My assumption in this experiment was that someone who’s asking a chatbot to provide this information would only enter one set of simple prompts. The experiment was intended to examine the types of errors chatbots make and the level of scrutiny chatbot users should be performing to confirm the accuracy of AI-generated “facts.” Performing the experiment again by repeating the prompts or wording them differently would have somewhat altered the outputs.
ChatGPT
ChatGPT provided fully accurate output in its 14th reply once I’d uploaded the CSF 2.0 PDF to it.
In its 1st reply, it provided 9 correct names and IDs for the 22 categories, but no correct definitions.
By its 11th reply, it had all the names and IDs correct except for an extra category, but only 1 of the 22 categories was defined correctly.
Claude
Claude produced inconsistent results that depended on which reference it chose, but none of its results were complete and accurate.
If Claude chose the official CSF 2.0 standard as its reference, it would fetch that PDF but then halt with this message without providing any results: “Claude hit the maximum length for this conversation. Please start a new conversation to continue chatting with Claude.”

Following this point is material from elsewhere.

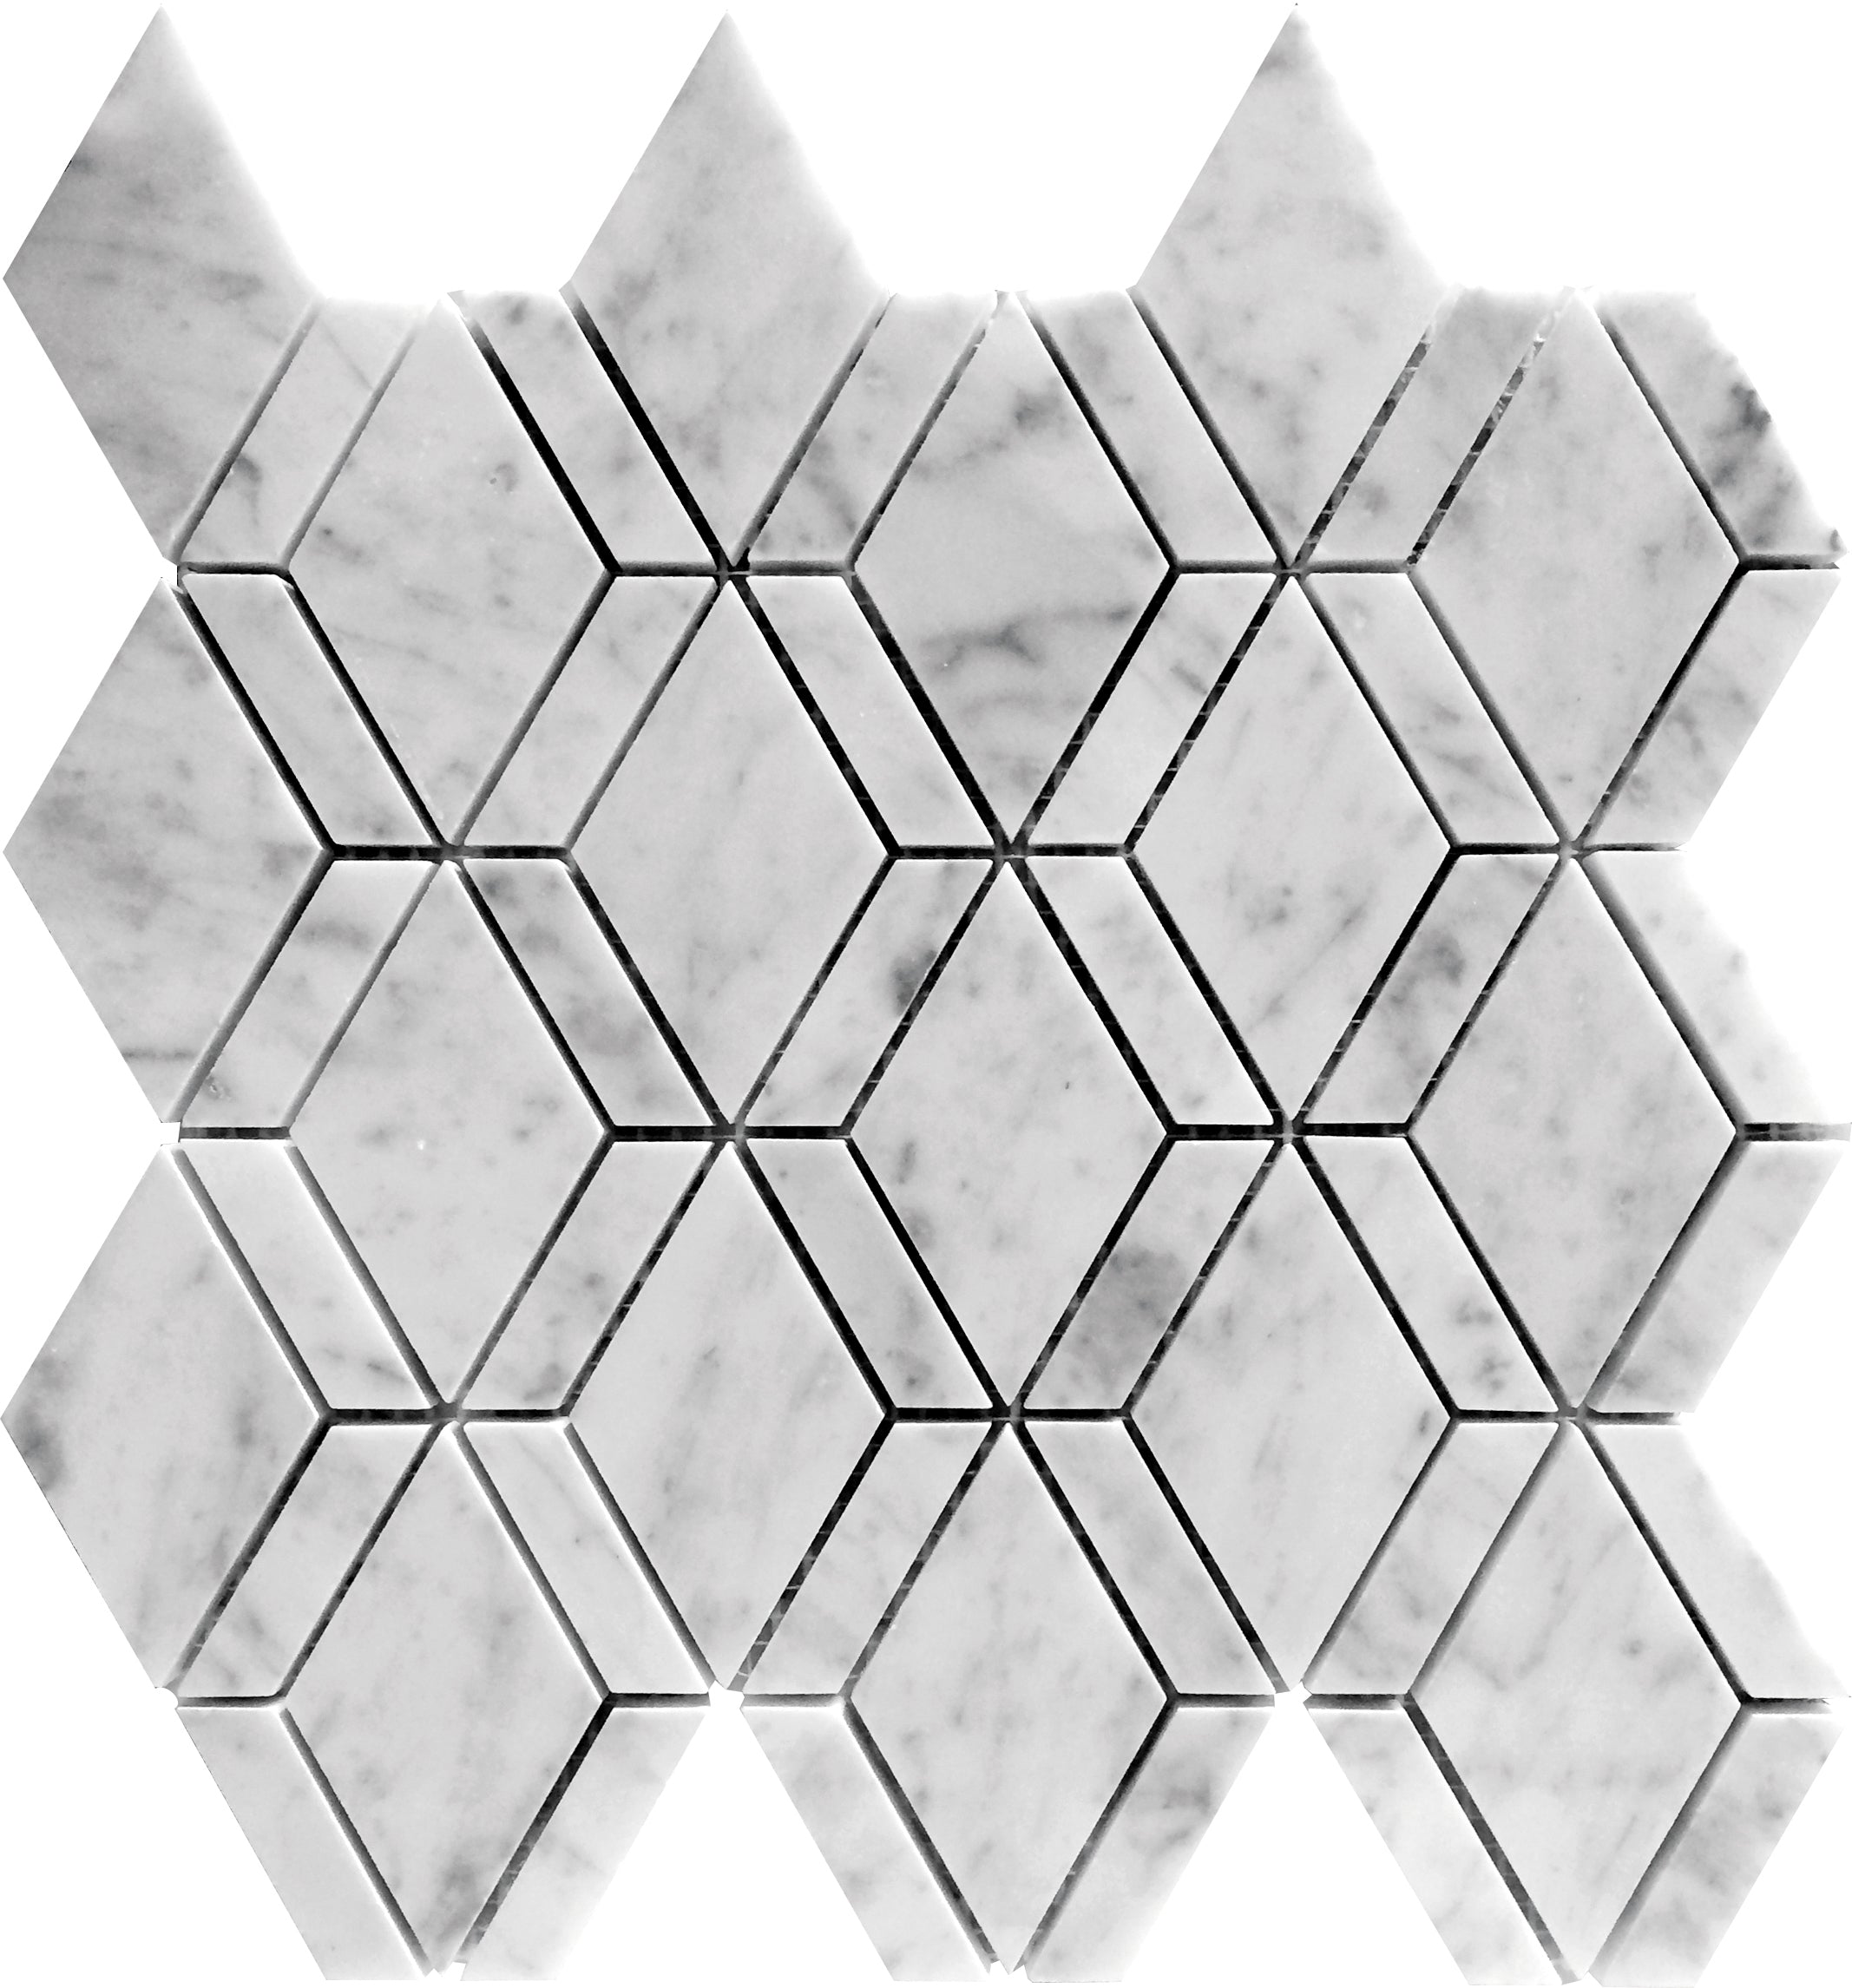 mir natural line dc metro diamond bianco carrara wall and floor mosaic distributed by surface group natural materials

If Claude chose an unofficial reference source, as happened with its 8th reply, it listed the categories and their definitions. However, in that 8th reply, only 12 of the names and IDs were correct, plus there were 5 extra categories. Only 2 of the categories had correct definitions.
Copilot
Copilot succeeded at producing the accurate list in its 6th reply once I’d uploaded the CSF 2.0 PDF to it.
Its 1st reply, which was generated in “Quick response” mode, included 21 correct names and IDs, but all definitions were wrong.
Its 2nd and 4th replies, generated in “Think deeper” mode, were less accurate than the first reply, with 18 and 19 correct names and IDs, respectively. The 2nd reply had longer, incorrect definitions, and the 4th reply had quoted, incorrect definitions that it said it copied from the CSF 2.0 standard.
Gemini
Gemini gave up in its 12th reply, directing me to “…consult the official NIST website directly for the NIST Cybersecurity Framework 2.0. The most reliable source will be the publication itself.”
In its first reply, it got 20 of the 22 names and IDs correct, but it also listed 4 extra categories. All 22 definitions were wrong.
By its 9th reply, it was no longer providing any definitions. It had also degraded to only getting 19 names and IDs correct, with 4 extra categories still being listed.
Perplexity
Perplexity gave up in its 5th reply. Its final statement was, “For authoritative use, always consult the official NIST CSF 2.0 documentation for exact wording, structure, and the most current information.”
Its first reply had 15 names and IDs correct, 5 wrong, and 2 missing, plus 6 extras. All provided definitions were wrong.
Subsequent replies had more errors, such as stating that several categories it had correctly included in its first reply were not “standard” or “official,” and that several categories reside under multiple functions.
Next Steps
I plan on repeating this experiment every few months to see how chatbot performance changes over time. I also expect to perform other experiments with chatbots to compare their performance when authoring technical content. Future posts in this series will present the results of that work.
(Disclaimers: I’m one of the authors of CSF 2.0. No AI resources were knowingly used to write or revise this post. GenAI was used only to generate the outputs discussed in this post and reproduced in the log files.)